Gardens Theatre, QUT, 29 October
Looking back over the past twelve or so Queensland University of Technology (QUT) Dance graduation seasons, there has been little change in the programming format. Again this year, the third year graduating students were featured prominently, performing three of the five short works. And as in most previous years, it was a small cohort of only five graduating dancers, with, disappointingly, only two male students across the entire program.
Created collaboratively with the first year students, Oneself One’s Self, by Elise May, is a visually beautiful work that explores the notion of the self-portrait, from the traditional visual art perspective, but also the distorts realities of digitally constructed identities on social media.
An iridescent blue lighting design by Glen Hughes, and the large, slow moving, head and shoulders image, by animator Jordan Turner, make this a visually compelling work. The dancers, performing mainly behind a back-lit gauze, reflect splinters of the light as they manipulate hand-held squares of mirror in the early moments.

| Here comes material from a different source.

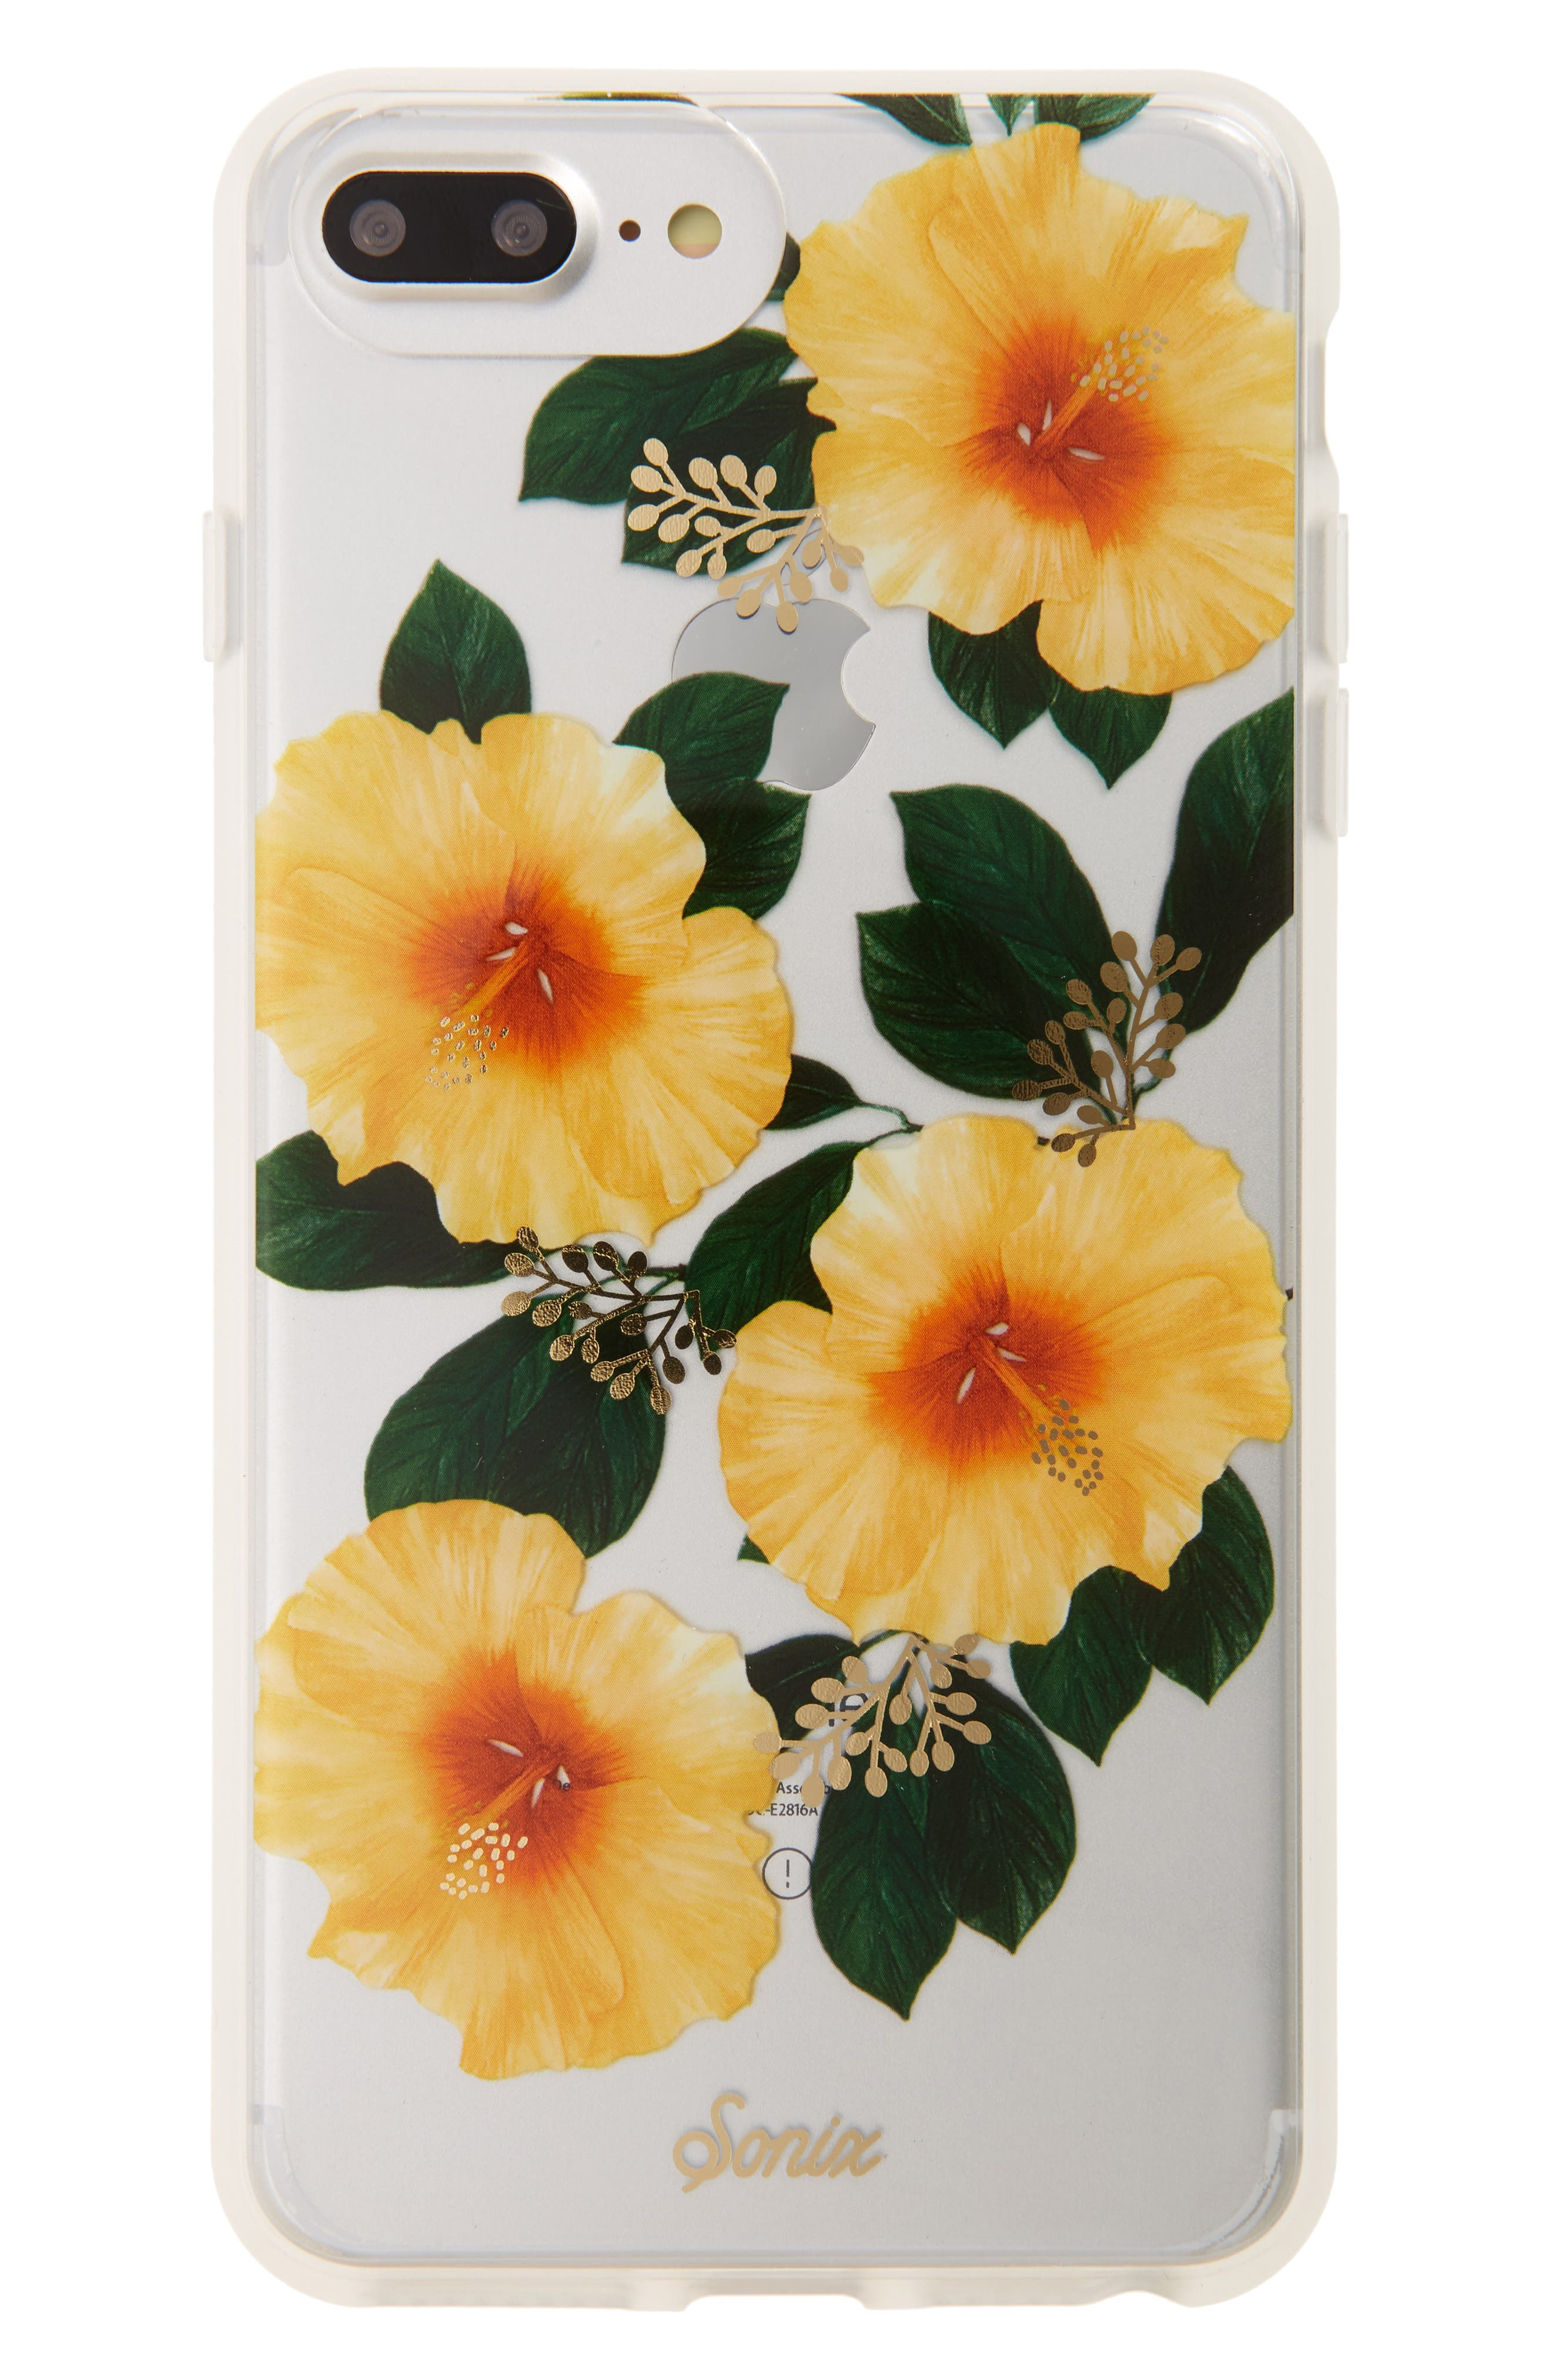 Hibiscus iPhone 6/6s/7/8 & 6/6s/7/8 Plus Case,                             Main thumbnail 1, color,                             700

The work opens strongly as the dancers group and regroup with an undulating, writhing movement, reflecting the dancers’ movement vocabulary. But, as they only occasionally break away to emerge in front of the gauze, the work develops little beyond those compelling opening moments.
Visceral Tides, by Lina Limosani was the final work of the program, choreographed for the cohort of fifteen second year students. It explores the vicissitudes of relationships – their ebb and flow, and connection and disconnection, which are clearly explored by pulsating movement that has a clear focus on the arms and torso, effectively moving from the mesmerisingly calm to the volatile.
The sudden appearance of a dancer (Lachlan Doherty), bare chested and in red pants, as an antagonistic force, jerks the work towards a satisfying conclusion as the other dancers, creating an amorphous mass of bodies, “consume” him.
In spite of the rather unflattering black tunic-like costumes, and a first section that was a little long, Visceral Tides was a strong finish to the program.
The third year graduating students opened with Gaps, Lapse and Relapse, a work by the late Jeremy James, created for Rambert in 1998, and restaged here by Elizabeth Old, an original cast member. The score by Peter Morris effectively underpins a tightly constructed work of staccato, jerky and angular movement, with repeated twisting of the upper body, and a rather mechanically driven style. It requires the maintenance of a raw enthusiasm to be effective and the cast, in jeans and t-shirts, lost that a little in the middle section.
Steph Hutchison’s Neural Dust was the final work for the third years. Exploring the “nature of technologising the body,” it begins with a solo dancer seemingly constrained under an overhead spot, centre stage, against a soundscape of heavy, distressed breathing. The extensive use of laser lighting begins with a diagonal neon blue barb cutting high through the space, and develops into a spectacular display of multiple coloured beams radiating from upstage to the back of the auditorium. It becomes particularly effective when the dancers, in black, interact with the rays of laser light.
Deeper Than Ink – Amy Hollingsworth’s dense, rather dark exploration of the exhilarating, all consuming, and occasionally debilitating power of love – was the second and most effective work for the third years. Hollingsworth’s keen eye for cohesion of movement, light and sound was apparent, while costumes of loose black pants over white leotards, with “ink” on parts of the dancers’ arms and throats, also tied in thematically.
Lighting punctures the inky black space to effectively capture various amorphous formations of the dancers’ bodies in the work’s early moments. The movement is sinuous, abandoned at times, but it always describes anguish, fear and hope with originality and clarity. It was a highlight of the evening’s program.